At the close of “Home Again” (For All Mankind, S1E6), NASA engineer Margo Madison gifts the precocious daughter of a NASA janitor, Aleida Rosales, with a slide rule. It’s a personal moment that highlights the awe I feel for the engineers who sent men into space and to the moon using 350-year-old technology.
Those NASA engineers (and astronauts) joined a distinguished group of inventors such as Sir Isaac Newton, James Watts, Thomas Jefferson and Albert Einstein. All used slide rules, a tool integral to “nearly every invention, every design of a historic structure and in every significant scientific development for nearly 350 years.”
Slide rules, analog computing devices, made complex math easier to compute. They may have basic arithmetic operations (addition, subtraction, multiplication, and division) or they might have scales for logarithms, square and cube roots, exponents or trigonometric functions. Align the slide to make your computation.
Slide rules were the principal technology for making mathematical calculations from the late 1800s to until 1972. Electricians, engineers, navigators, scientists and math students used them regularly.

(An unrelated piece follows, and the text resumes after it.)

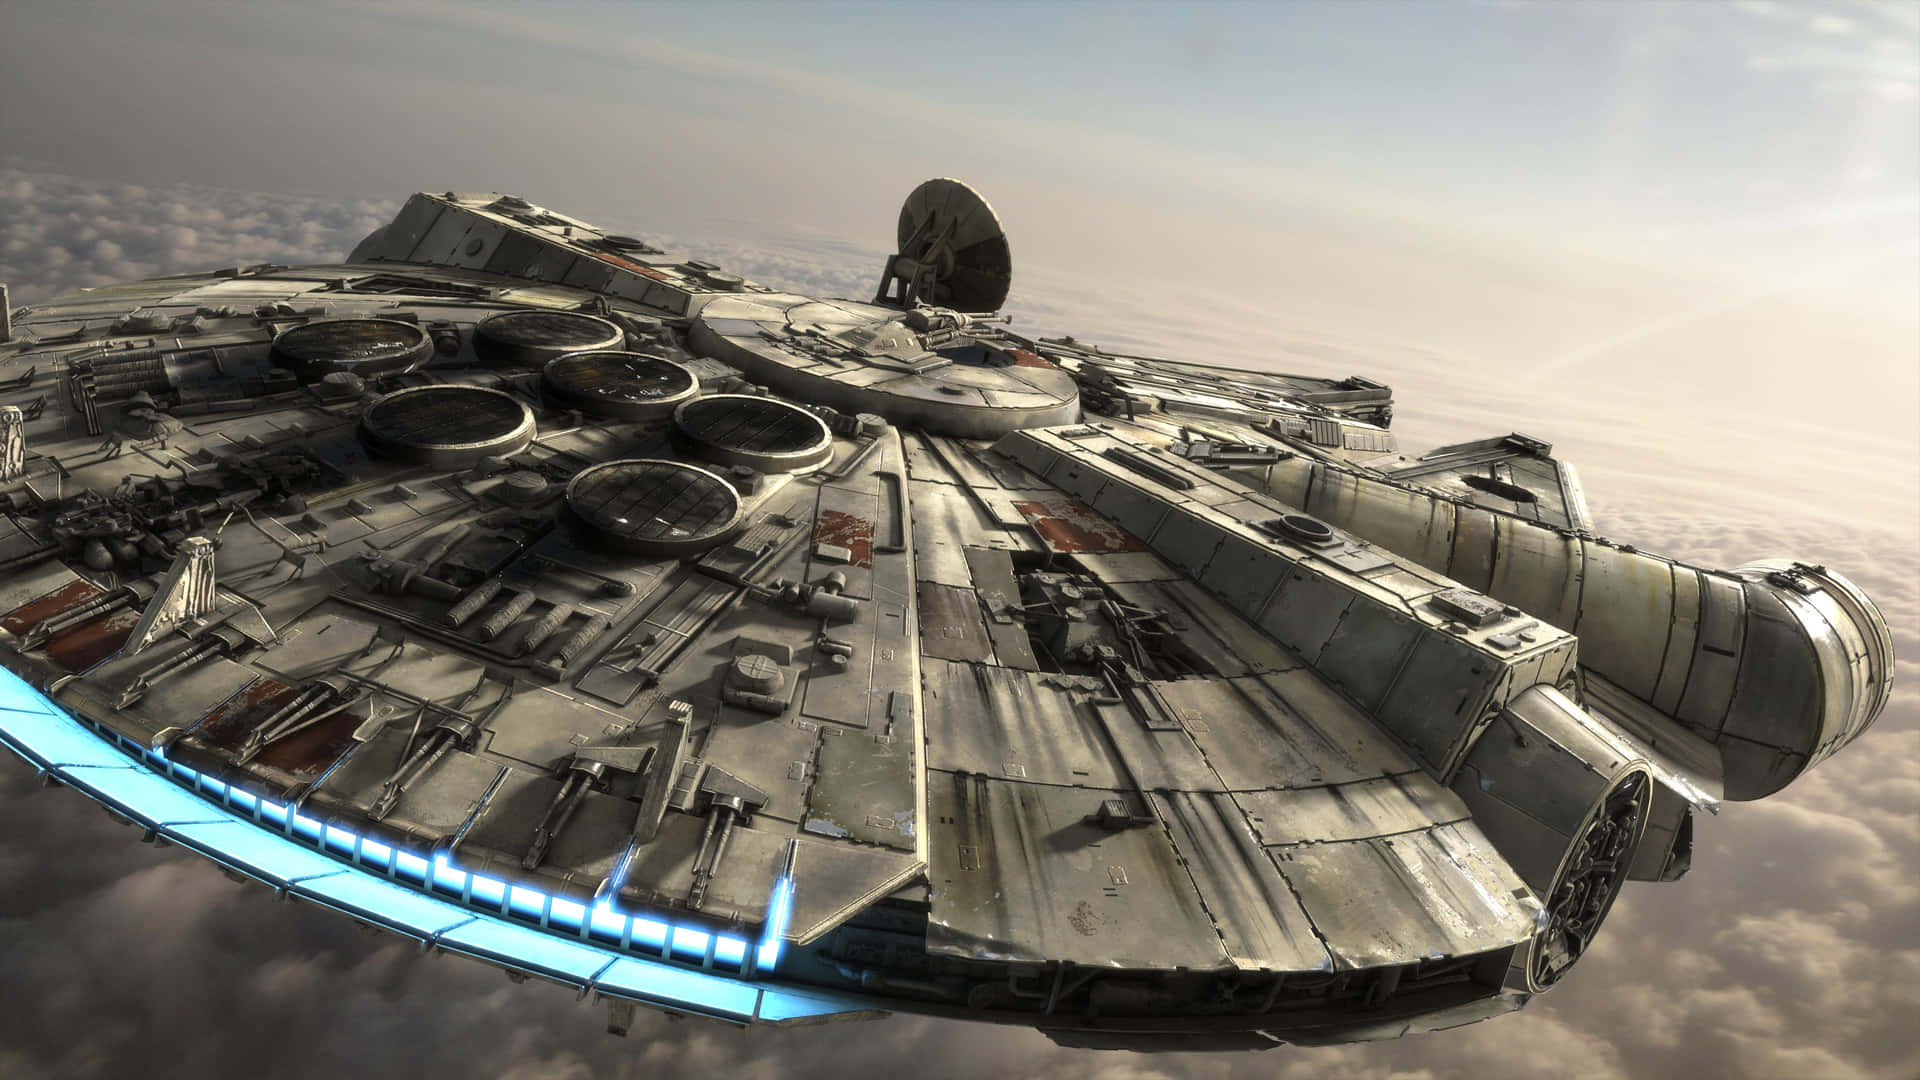 "Fly through the galaxy in the iconic Millennium Falcon" Wallpaper

According to Larry Mullins, a NASA aerospace engineer, there were rooms were full of human calculators in the 1960s space era. It might take three months to calculate a launch trajectory. Today a (digital) computer can calculate that trajectory in a blink.
An early 17th century technology
But first, the log scale. 1614.
Scottish mathematician and astronomer John Napier is credited with discovering the logarithm, “which allows transforming complicated multiplications and divisions into simple additions and subtractions.” He published A Description of the Wonderful Table of Logarithms in 1614, setting the stage for the analog computer known as the slide rule.

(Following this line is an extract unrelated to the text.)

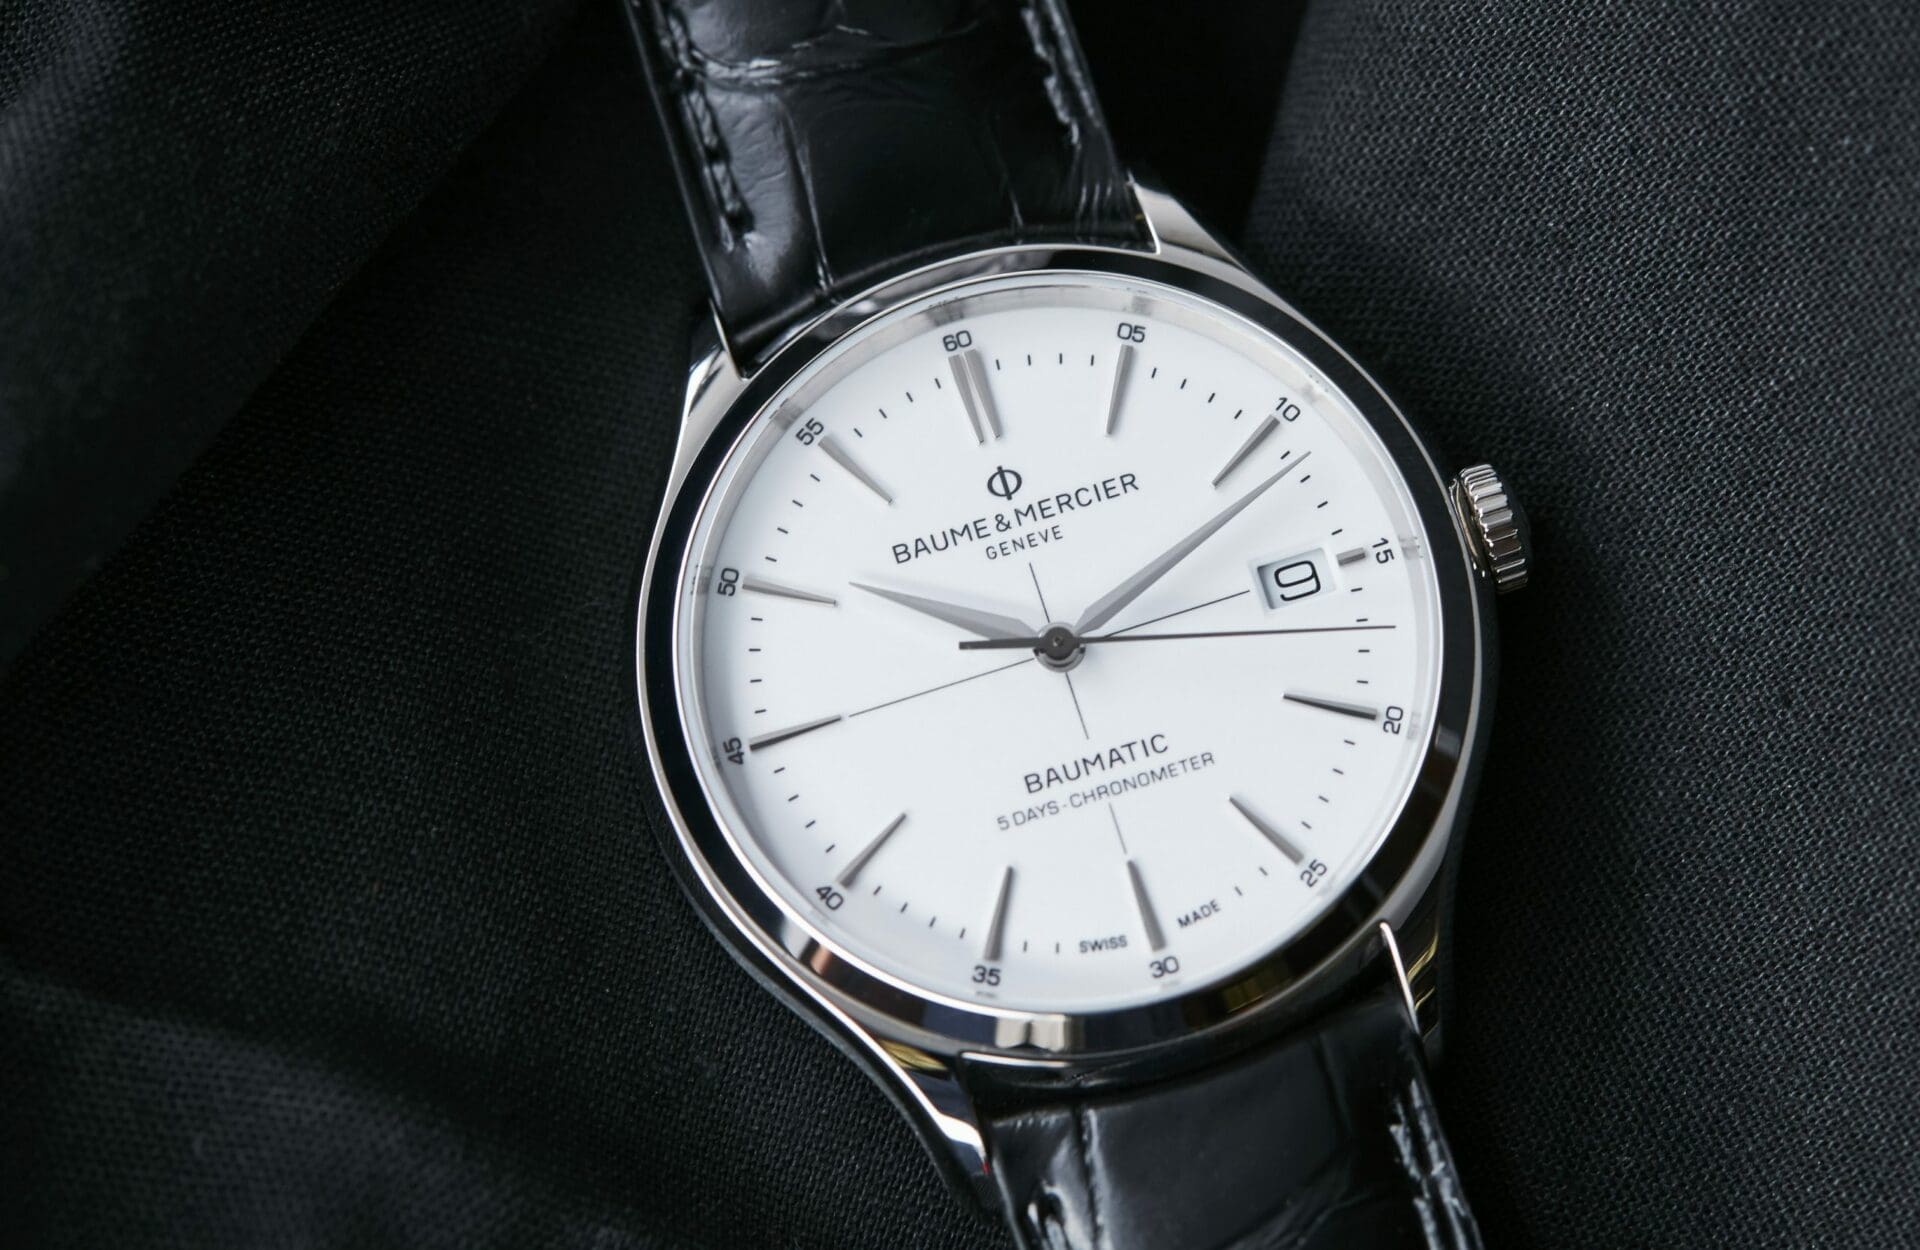 HANDS-ON: The Baume & Mercier Clifton Baumatic 10436 White Dial

In about 1622, William Oughtred invented the slide rule “in its present form.” The Anglican minister used it for multiplication and division. Newton used three parallel logarithmic scales in 1675 to solve cubic equations.
The slide rule was instrumental in the work Watts did to design the steam engine in the late 18th century. Slide rules crossed the Atlantic to the United States in the early 19th century.
The slide rule’s importance to the Industrial Revolution, and the impact of the Industrial Revolution upon the slide rule, are demonstrated by the proliferation of designs. From 1625 to 1800, the first 175 years after its invention, a total of 40 slide rule types, including circular and spiral designs, are recorded. The next 100 years, from 1800 to 1899, saw the creation of 250 slide rule types and manufacturers. Over 90 designs are recorded in the first 10 years of the 20th century.
World War II spurred development of large scale computers. In the December 1951 of Fortune, IBM ran this ad for the IBM 604 Electronic Calculating Punch which it developed in 1948: the machine was like adding 150 engineers with slide rules!

Enter the electronic calculator
In 1972, Hewlett-Packard challenged the slide rule when it introduced the HP-35.
When an engineer or a scientist needs a quick answer to a problem that requires multiplication, division, or transcendental functions, he usually reaches for his ever-present slide rule. Before long, however, that faithful ‘slip stick’ may find itself retired. There’s now an electronic pocket calculator that produces those answers more easily, more quickly, and much more accurately.
It was the “world’s first scientific pocket calculator.” Unlike other personal calculators of the time, it could perform trigonometric and exponential functions. It was also costly at $395 ($2,775 in 2022 dollars). But it brought the slide rule era to an end.
Keuffel & Esser (K&E) Corp. produced its last slide rule, which it presented to the Smithsonian, on 11 July 1976.